WHAT YOU NEED TO DO: Write out the data word for word and omit every picture.

DATASET CONTENT:
BEGIN

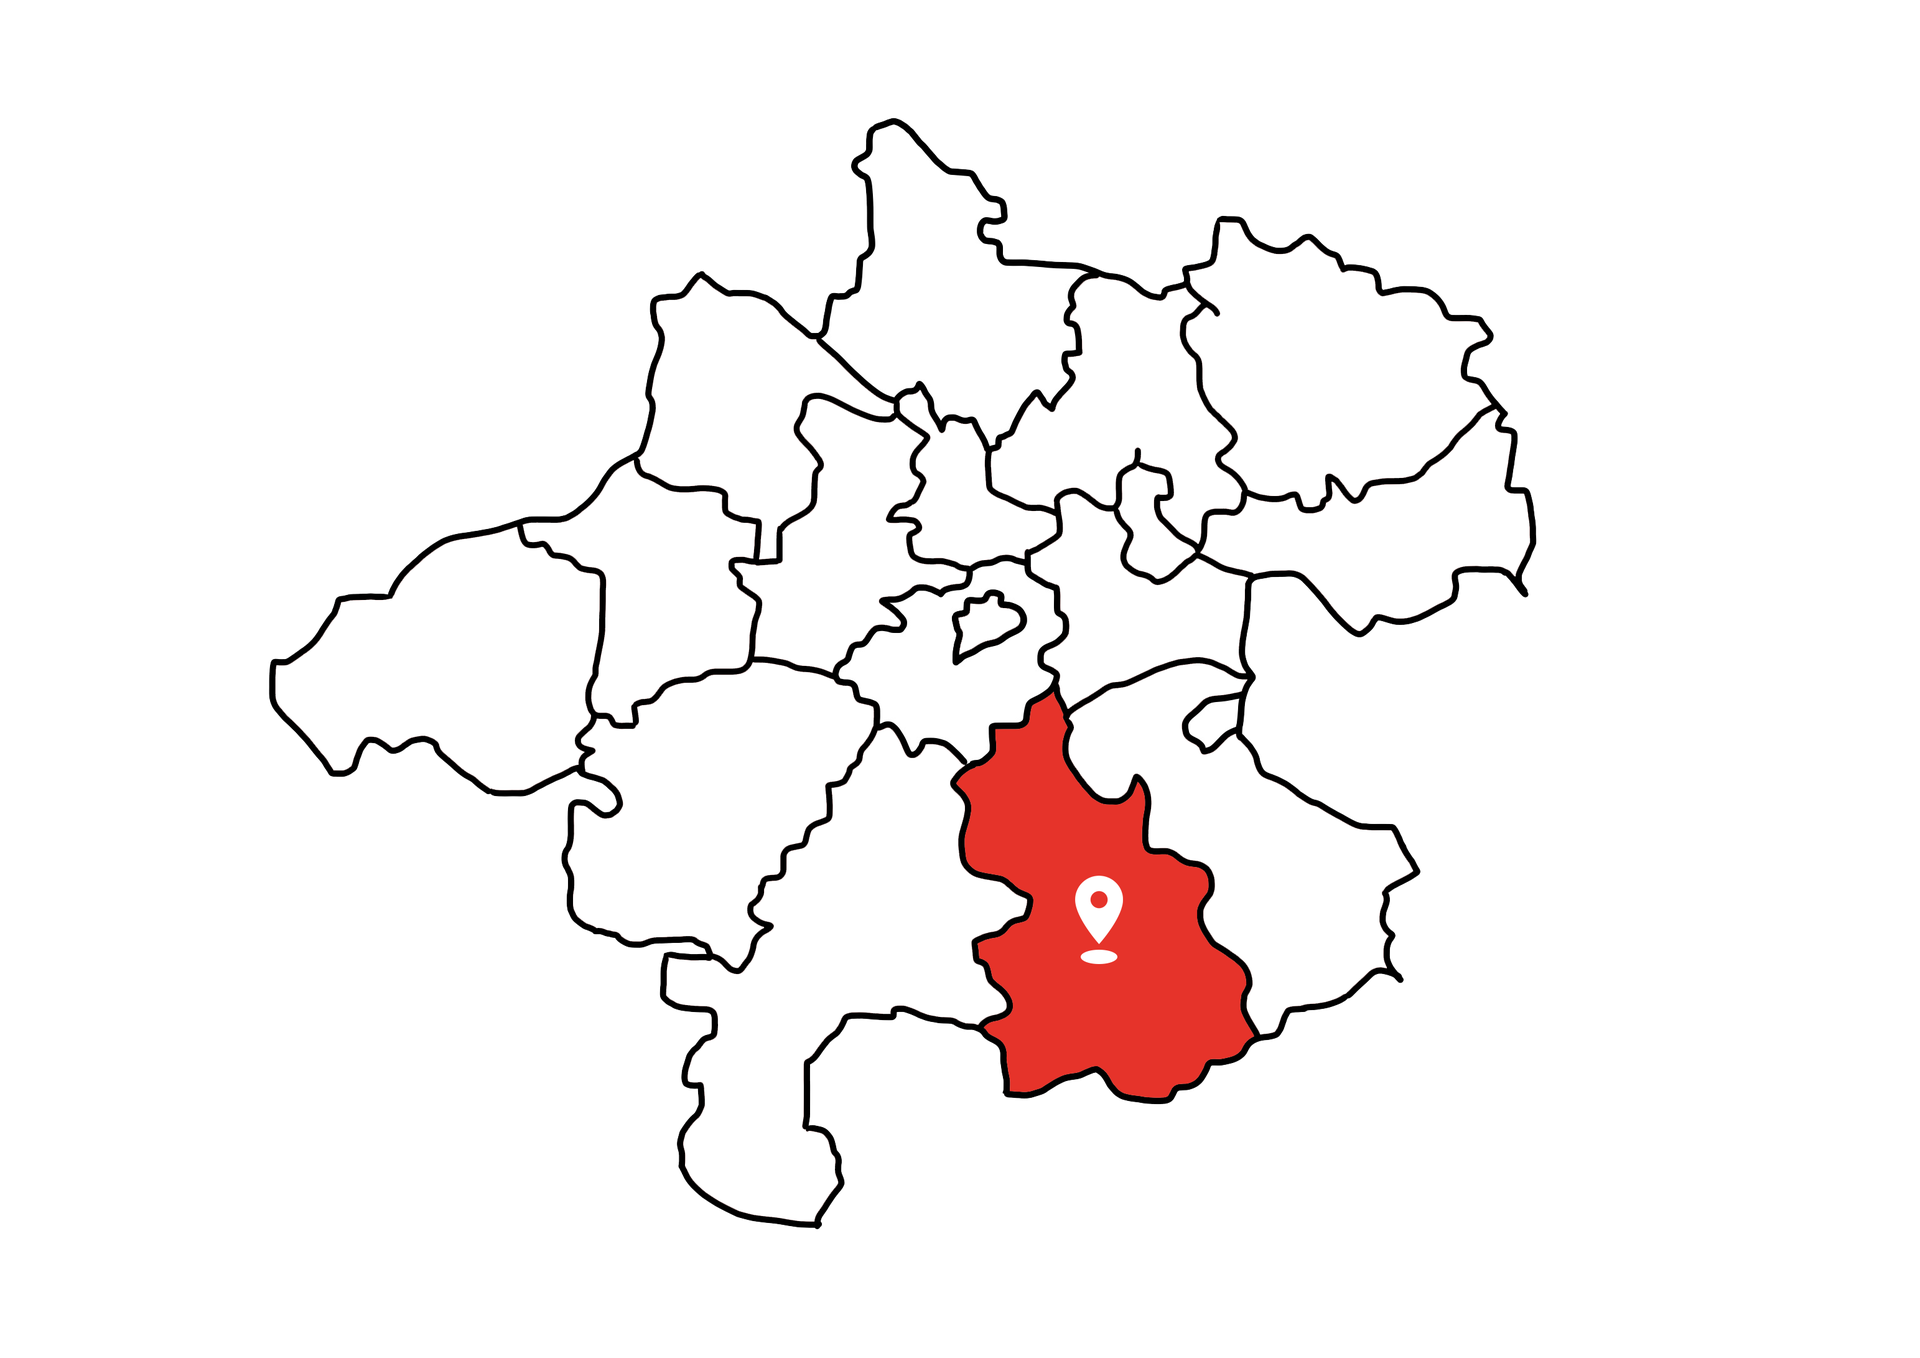 Eine Landkarte die Oberösterreich zeigt. Der Bezirk Kirchdorf ist rot markiert. Die restlichen Bezirke sind weiß.
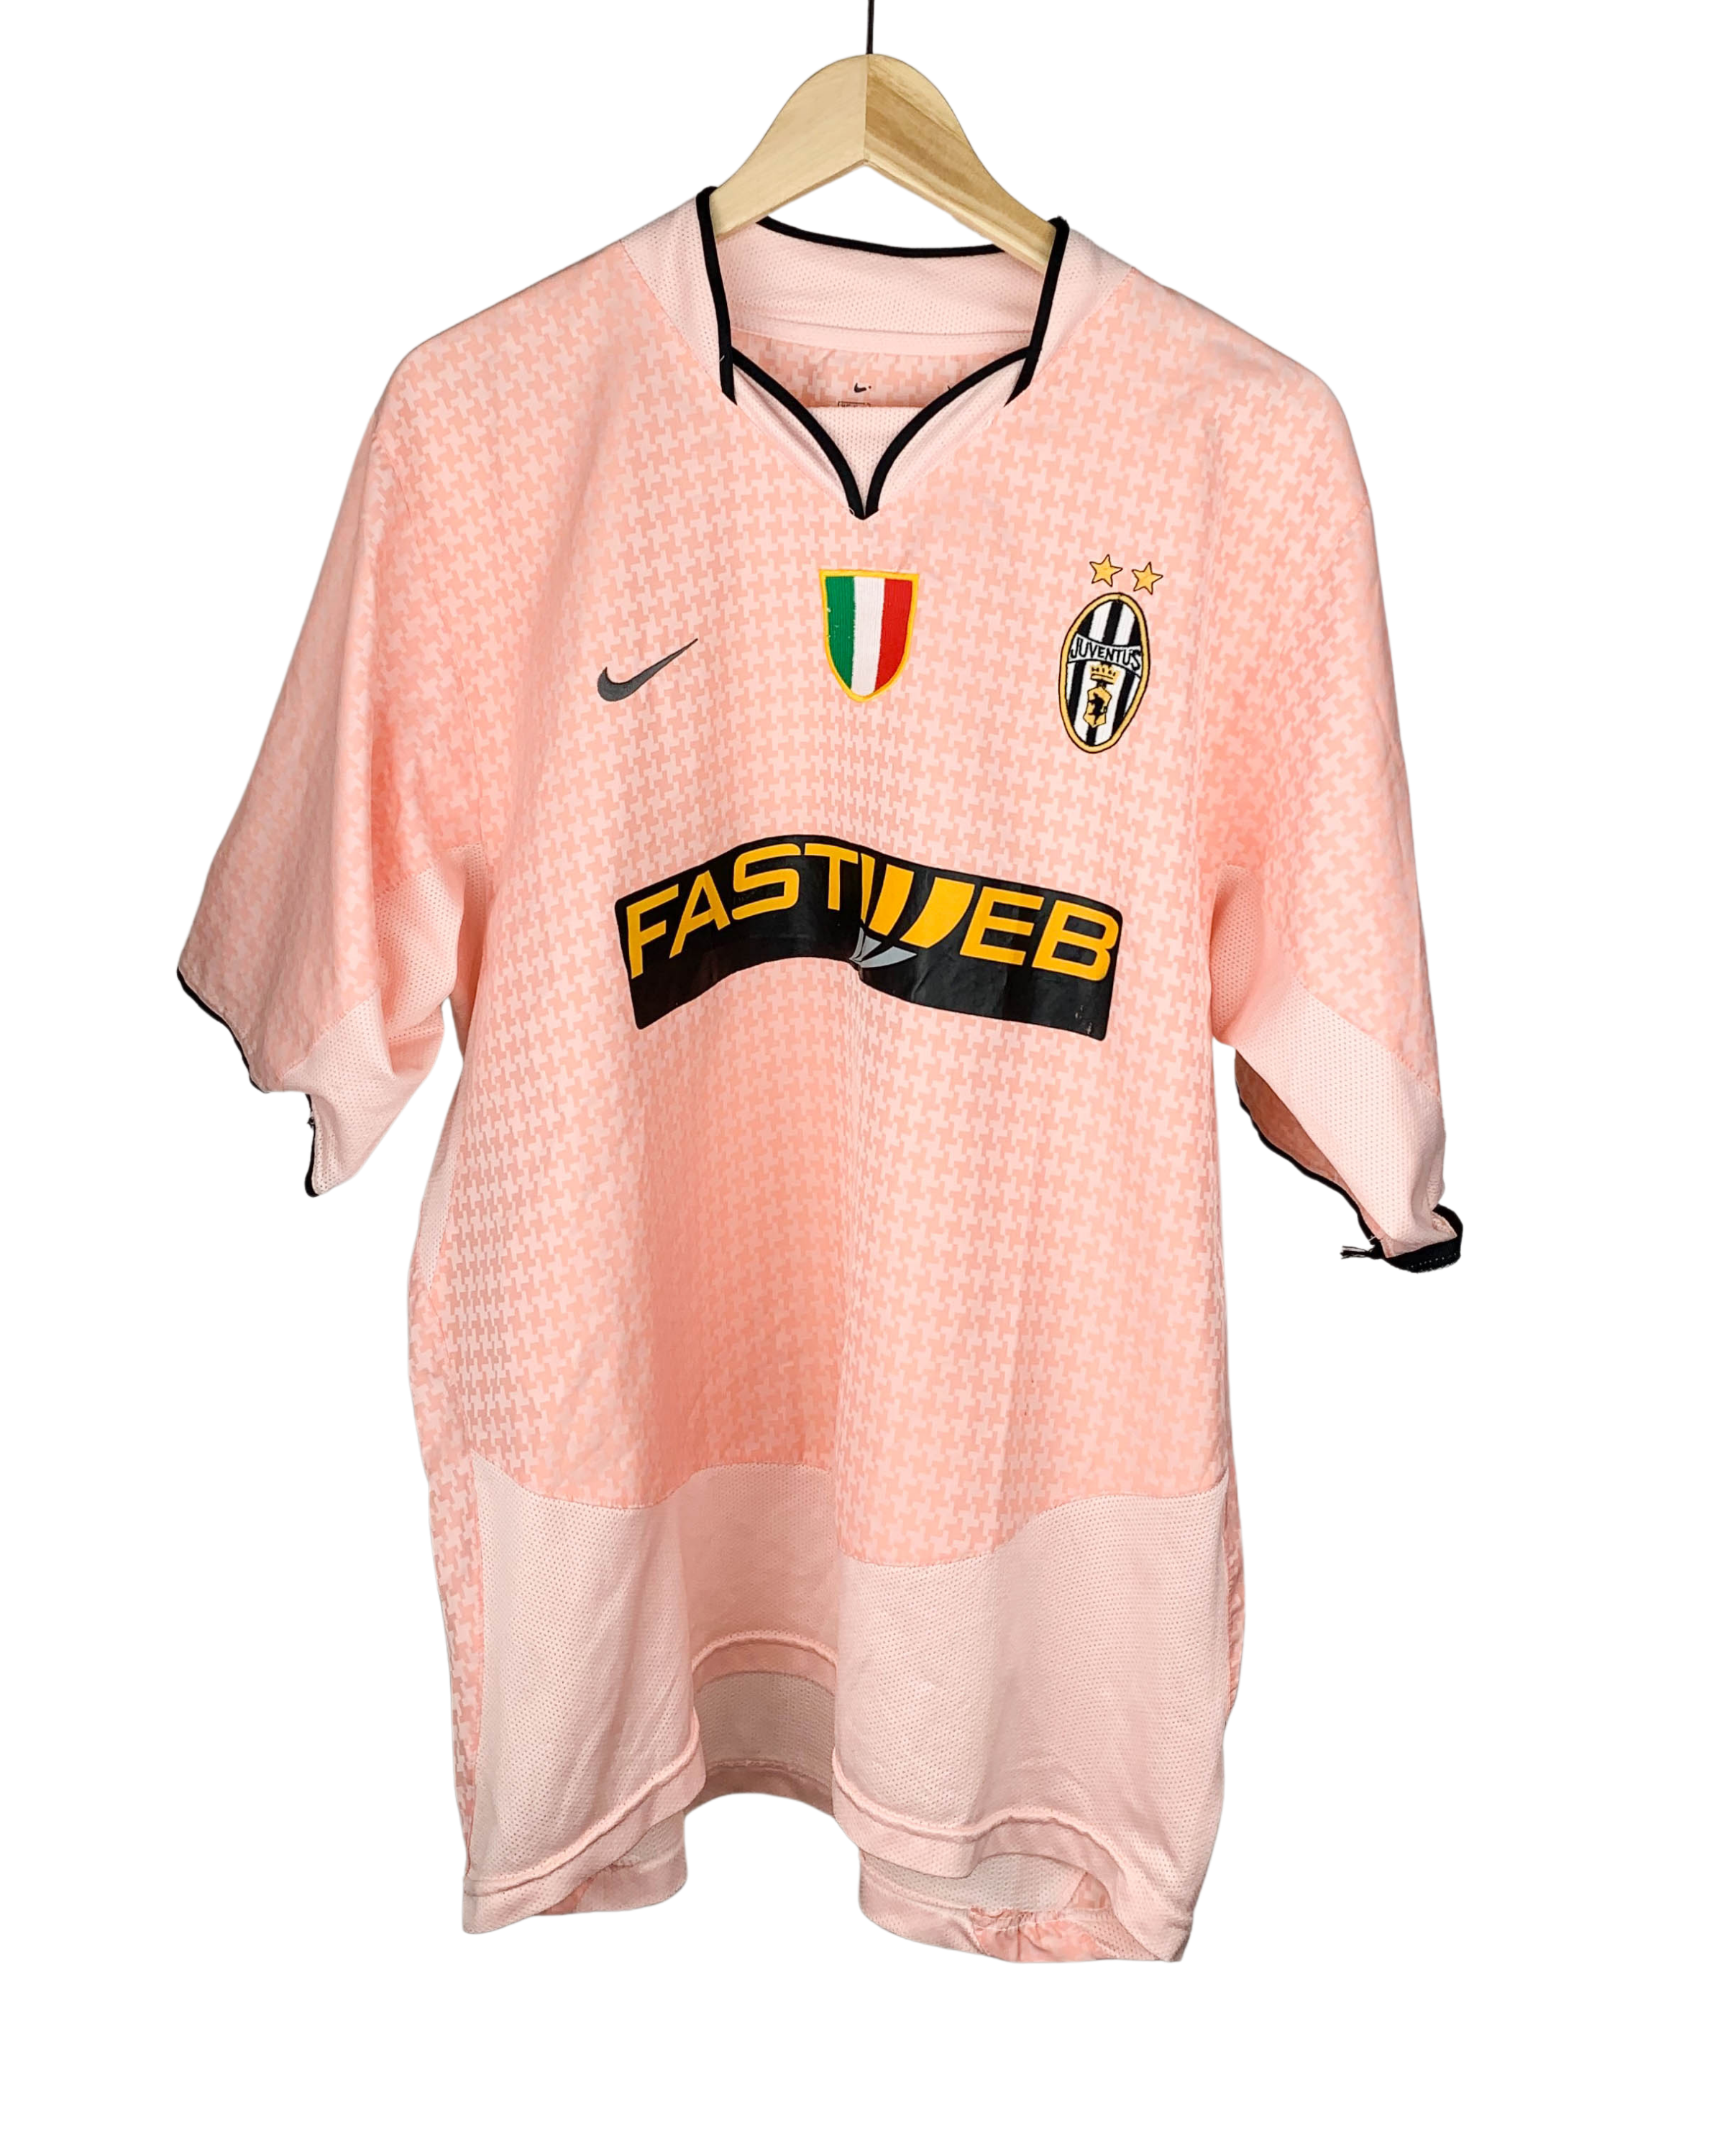 Vintage Nike Juventus 2003-2004 Away Football Jersey
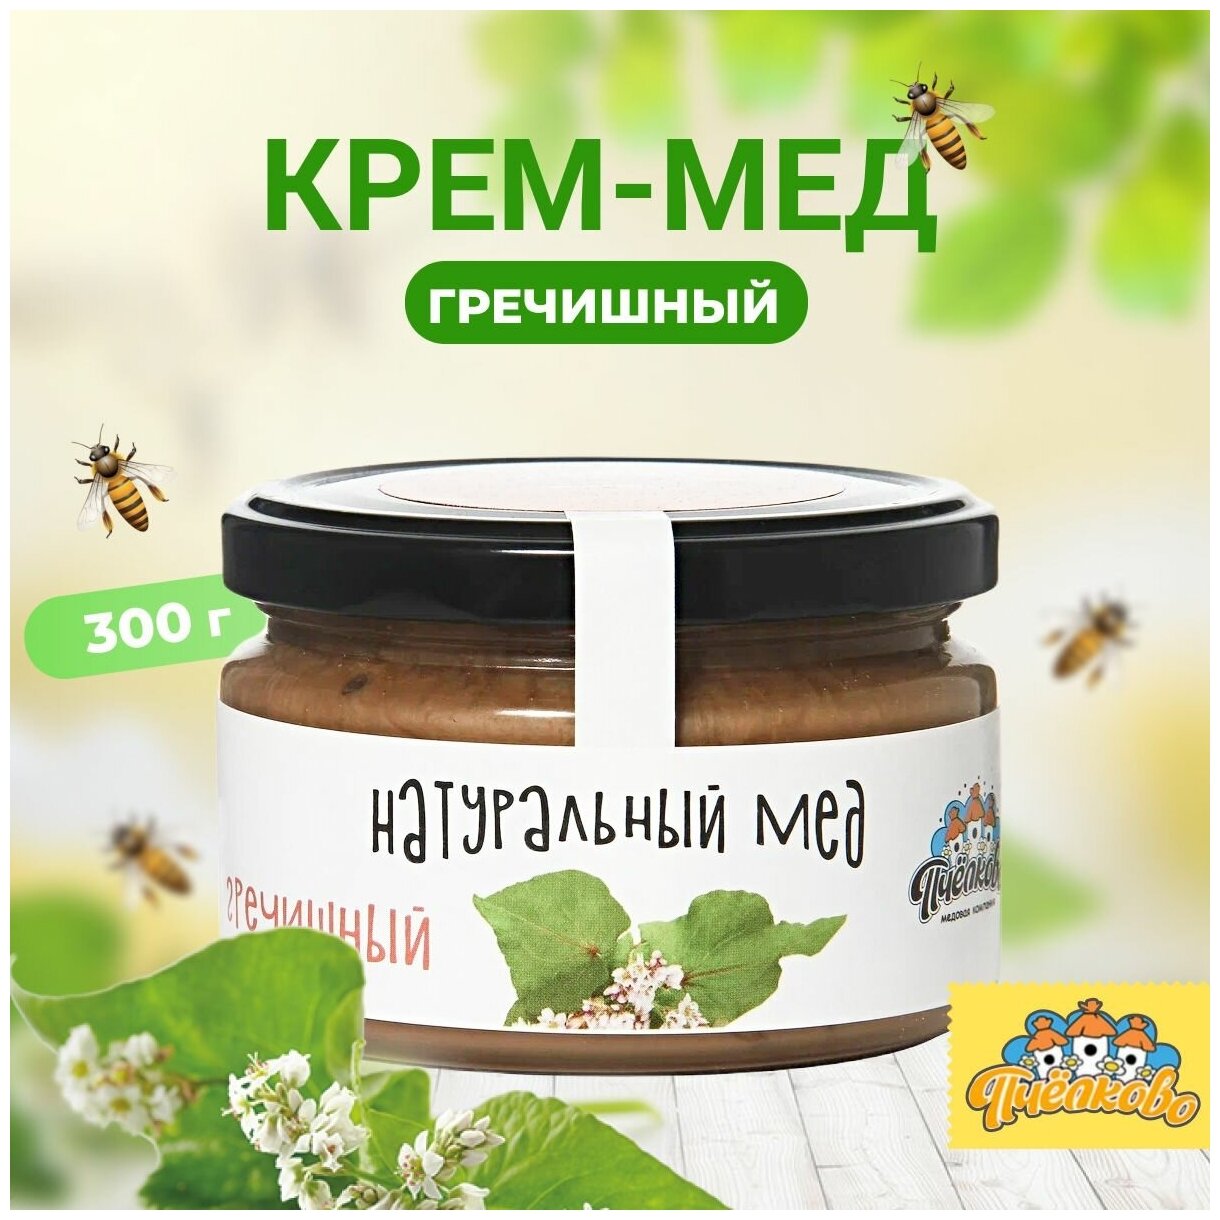 Натуральный гречишный мед "Пчёлково" 300г

END

OUTPUT FOR THIS TASK:
 Eine Landkarte die Oberösterreich zeigt. Der Bezirk Kirchdorf ist rot markiert. Die restlichen Bezirke sind weiß.
 Vintage Nike Juventus 2003-2004 Away Football Jersey
 Натуральный гречишный мед "Пчёлково" 300г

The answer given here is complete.